* WORK TO BE COMPLETED *
Set down the first line below and each line after it, ending with the one that holds "Panneau Obligation de". Pictures do not belong in the copy.

Items from a data source
################

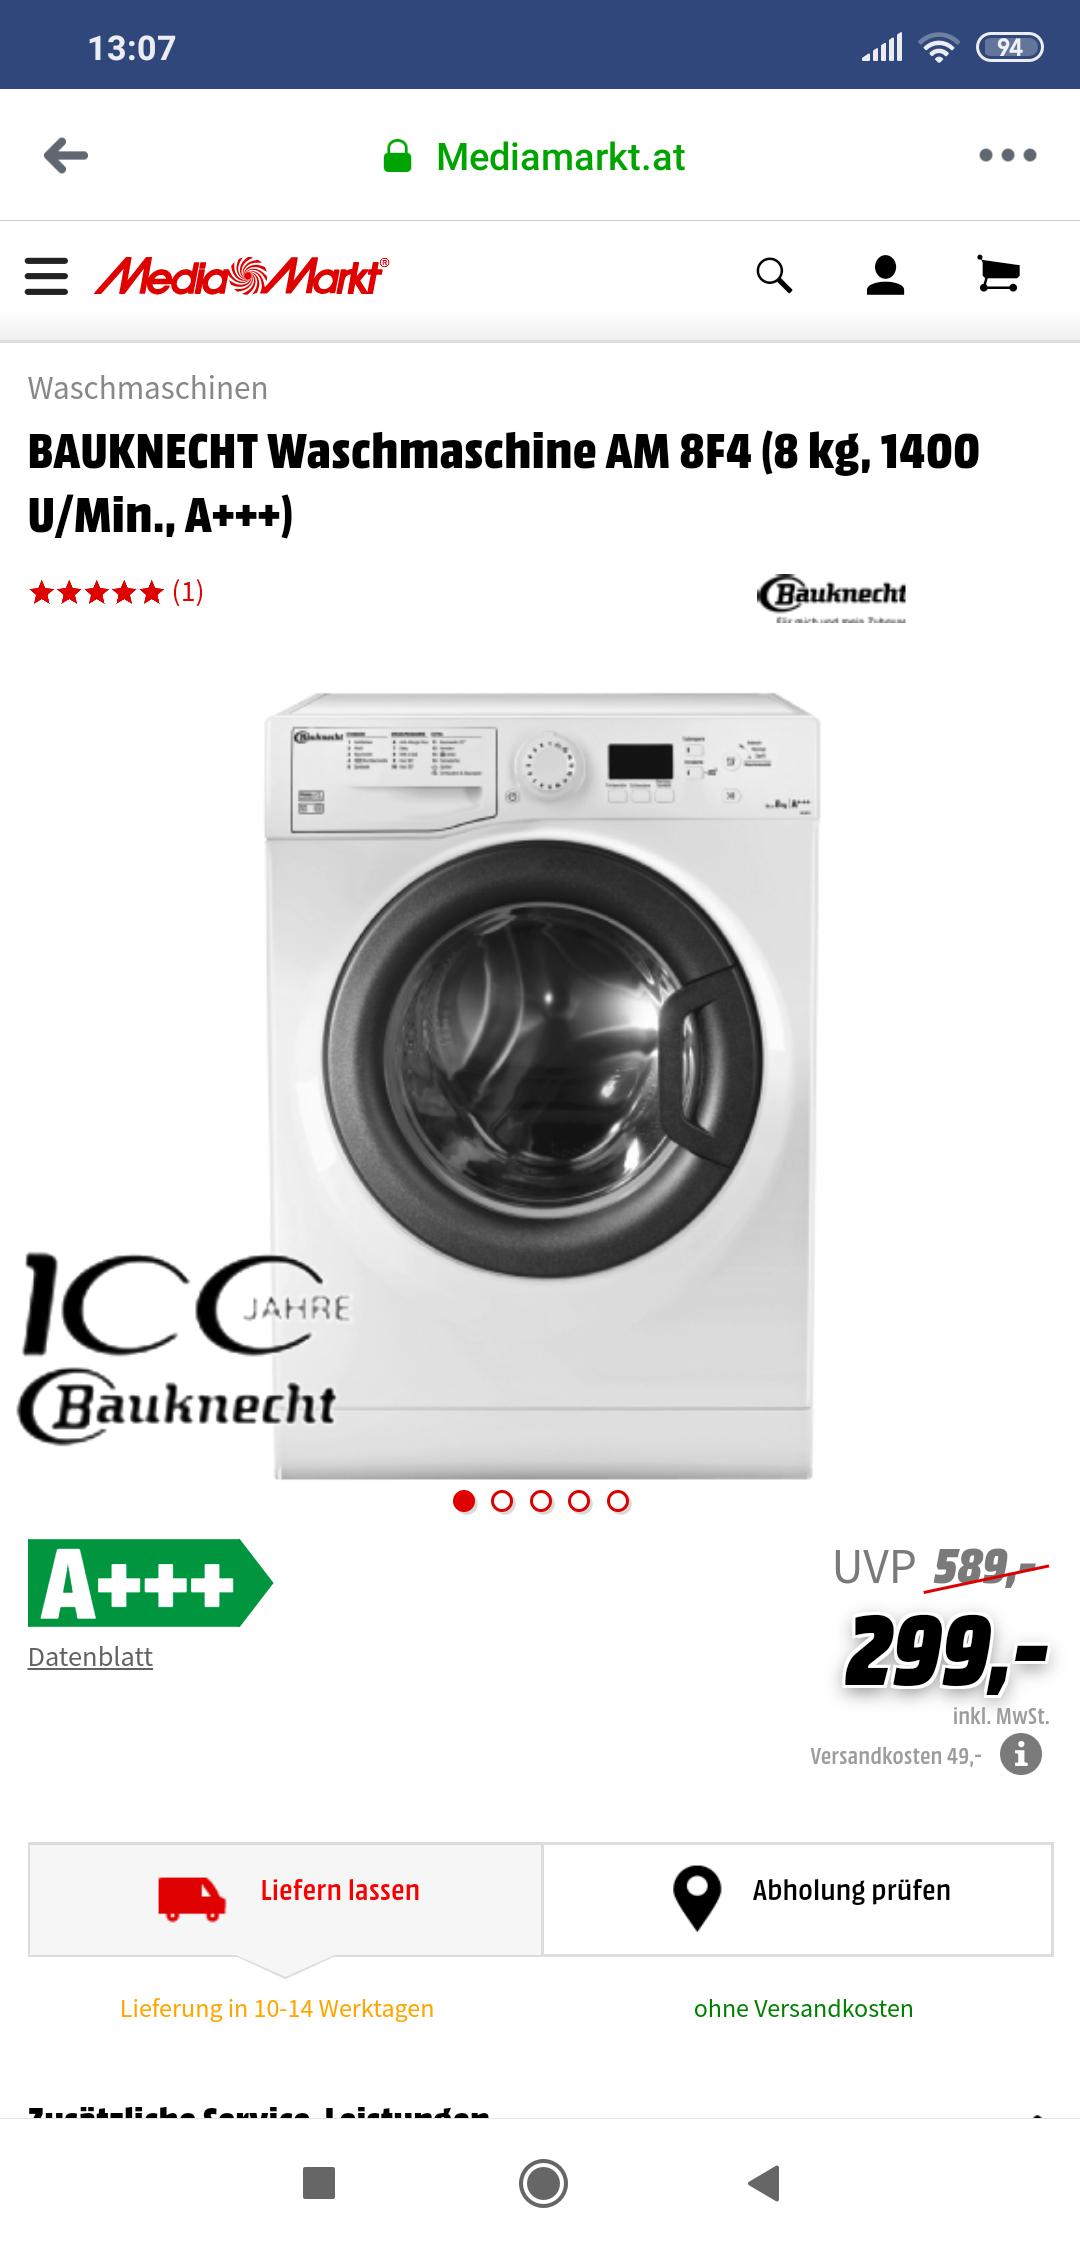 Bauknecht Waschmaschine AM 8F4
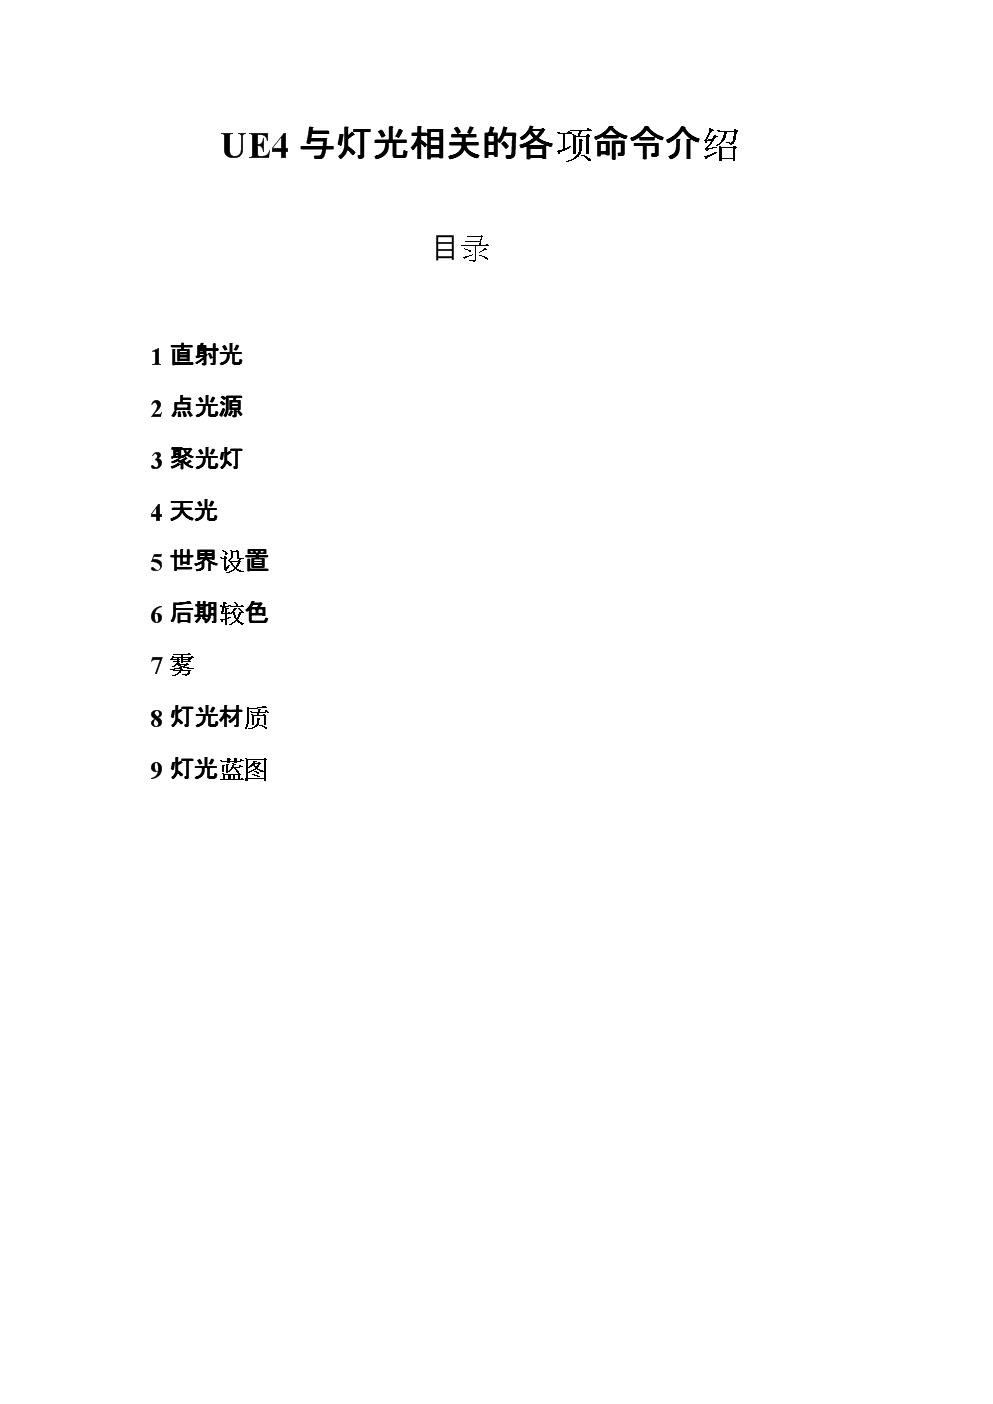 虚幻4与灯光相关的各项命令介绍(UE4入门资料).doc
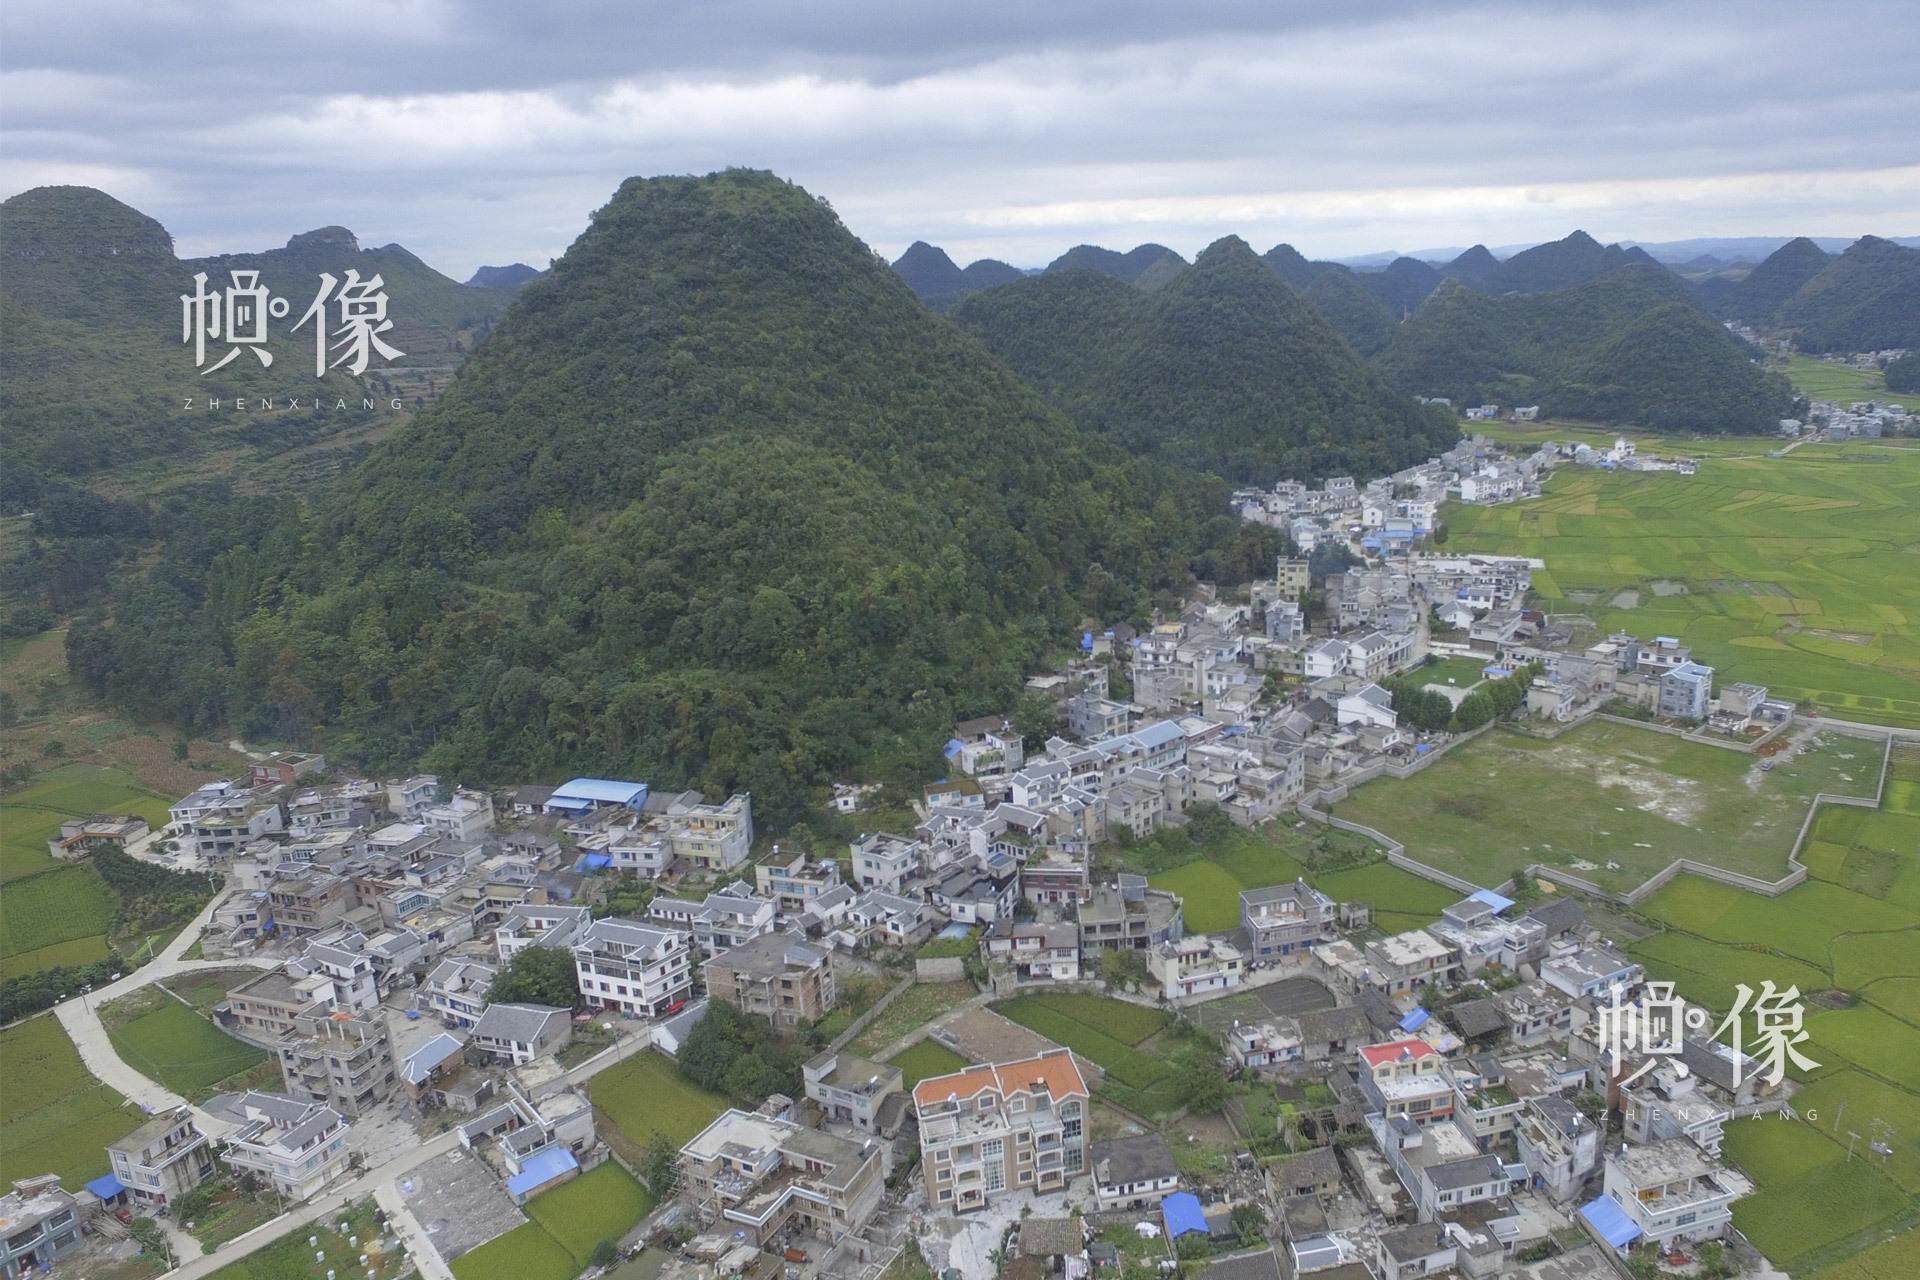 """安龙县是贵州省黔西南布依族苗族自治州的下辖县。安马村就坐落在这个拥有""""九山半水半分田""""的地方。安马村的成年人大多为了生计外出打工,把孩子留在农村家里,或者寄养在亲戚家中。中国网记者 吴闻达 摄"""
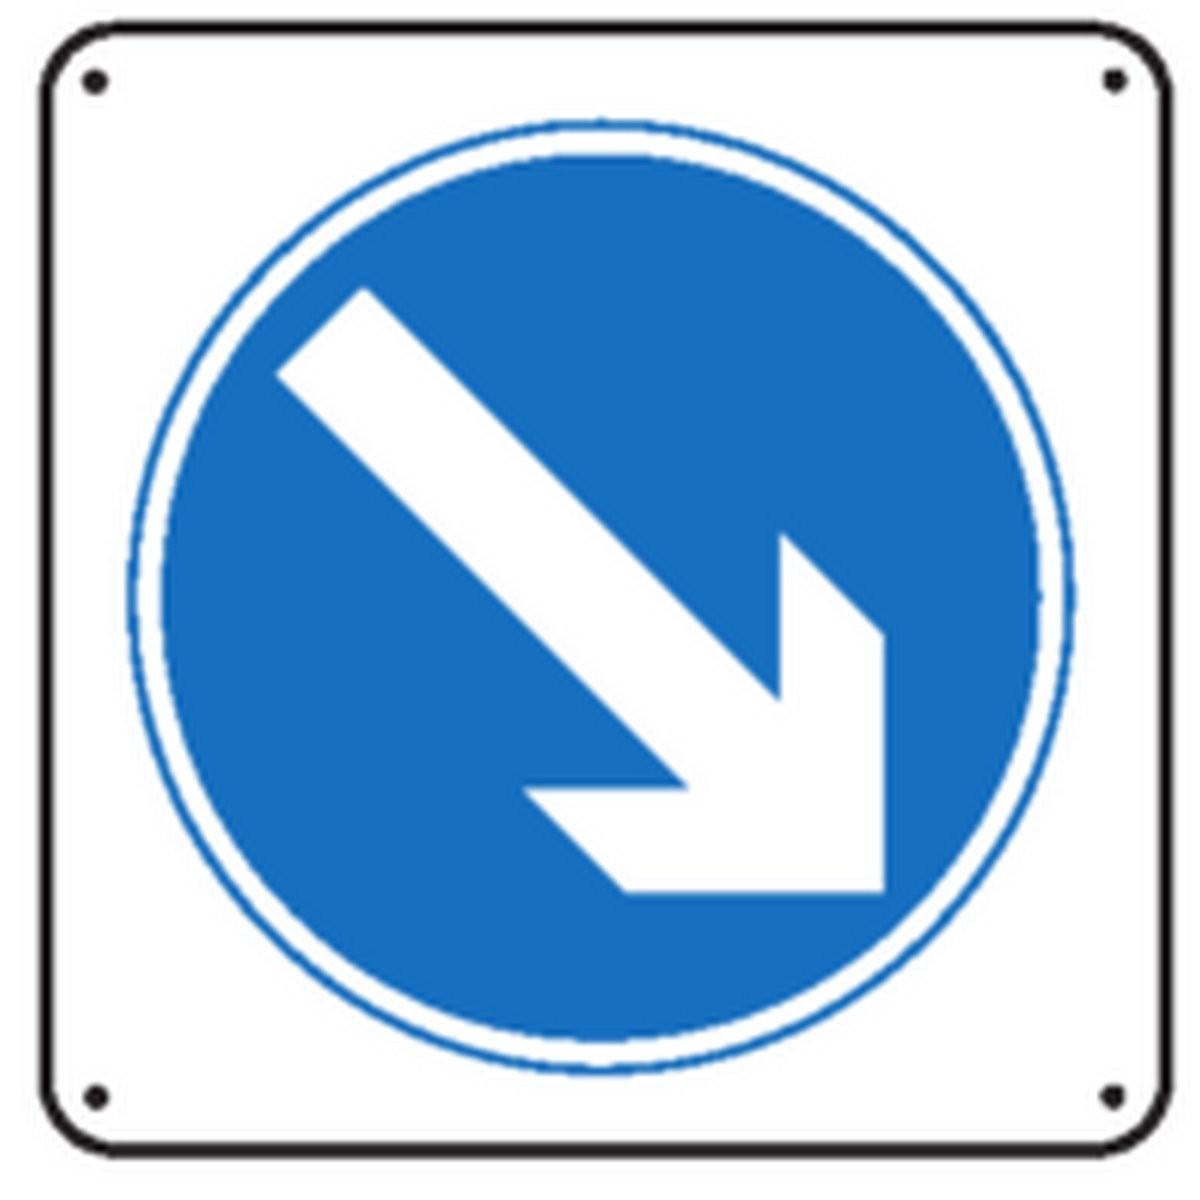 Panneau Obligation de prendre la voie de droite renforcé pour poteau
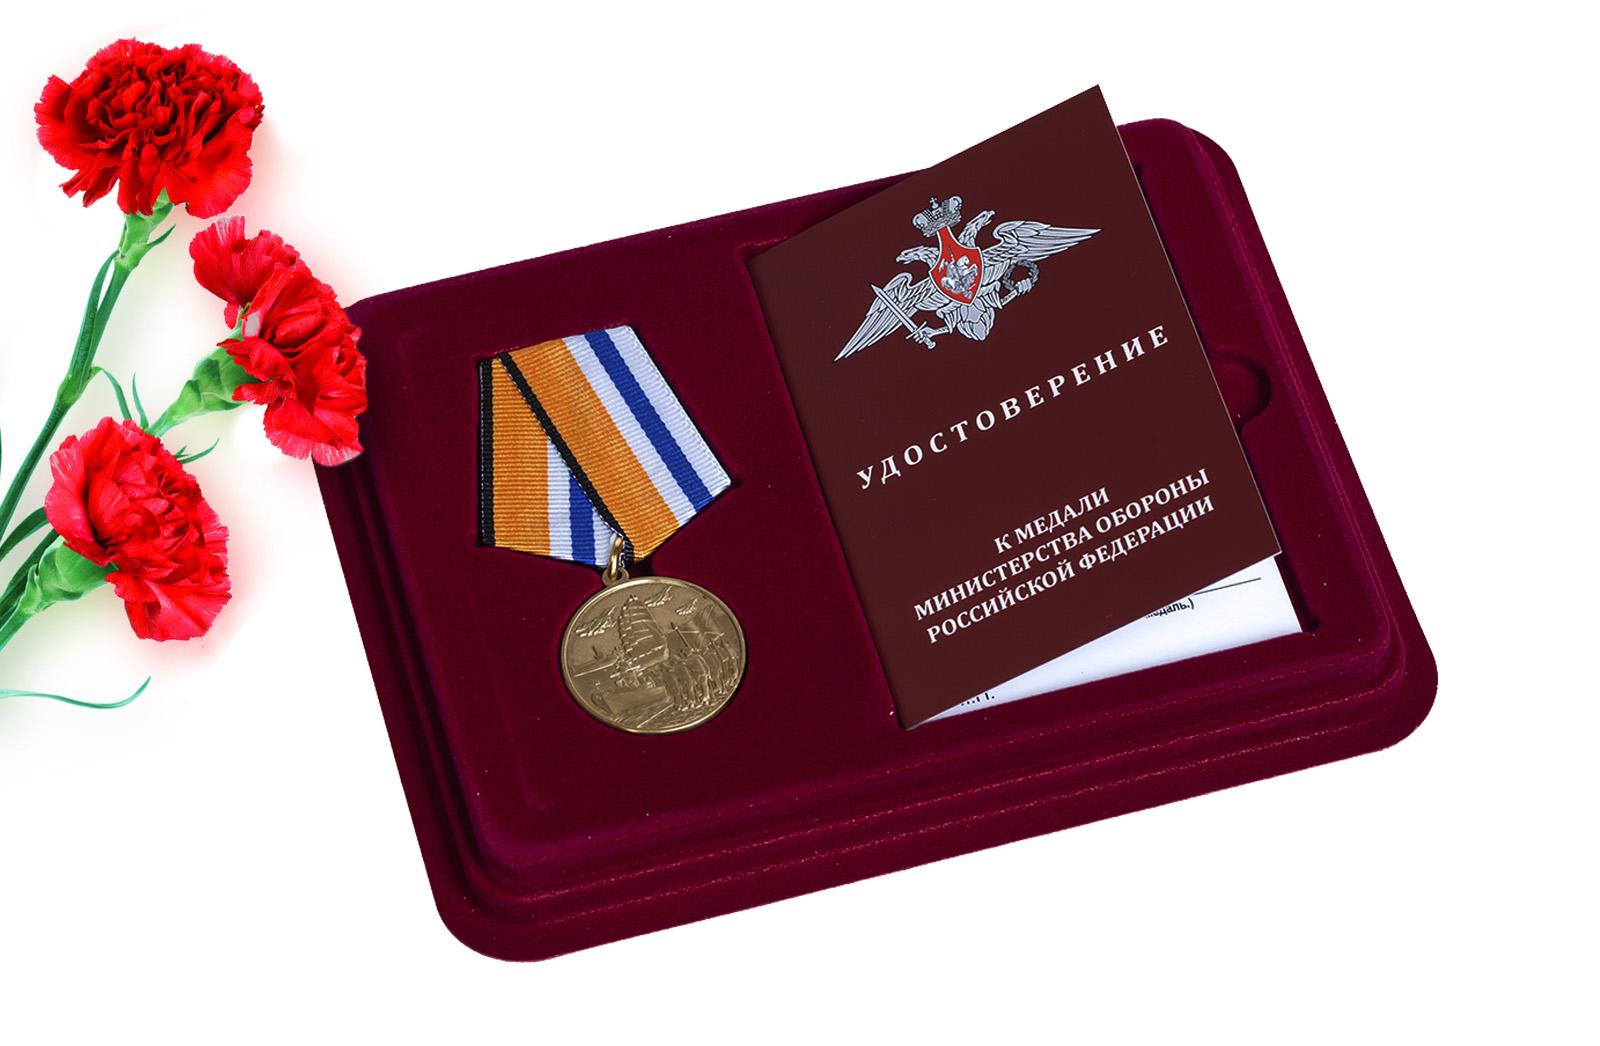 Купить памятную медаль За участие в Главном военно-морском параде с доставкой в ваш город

################

* WRITTEN RESPONSE *
 Bauknecht Waschmaschine AM 8F4
 虚幻4与灯光相关的各项命令介绍(UE4入门资料).doc
 """安龙县是贵州省黔西南布依族苗族自治州的下辖县。安马村就坐落在这个拥有""""九山半水半分田""""的地方。安马村的成年人大多为了生计外出打工,把孩子留在农村家里,或者寄养在亲戚家中。中国网记者 吴闻达 摄"""
 Panneau Obligation de prendre la voie de droite renforcé pour poteau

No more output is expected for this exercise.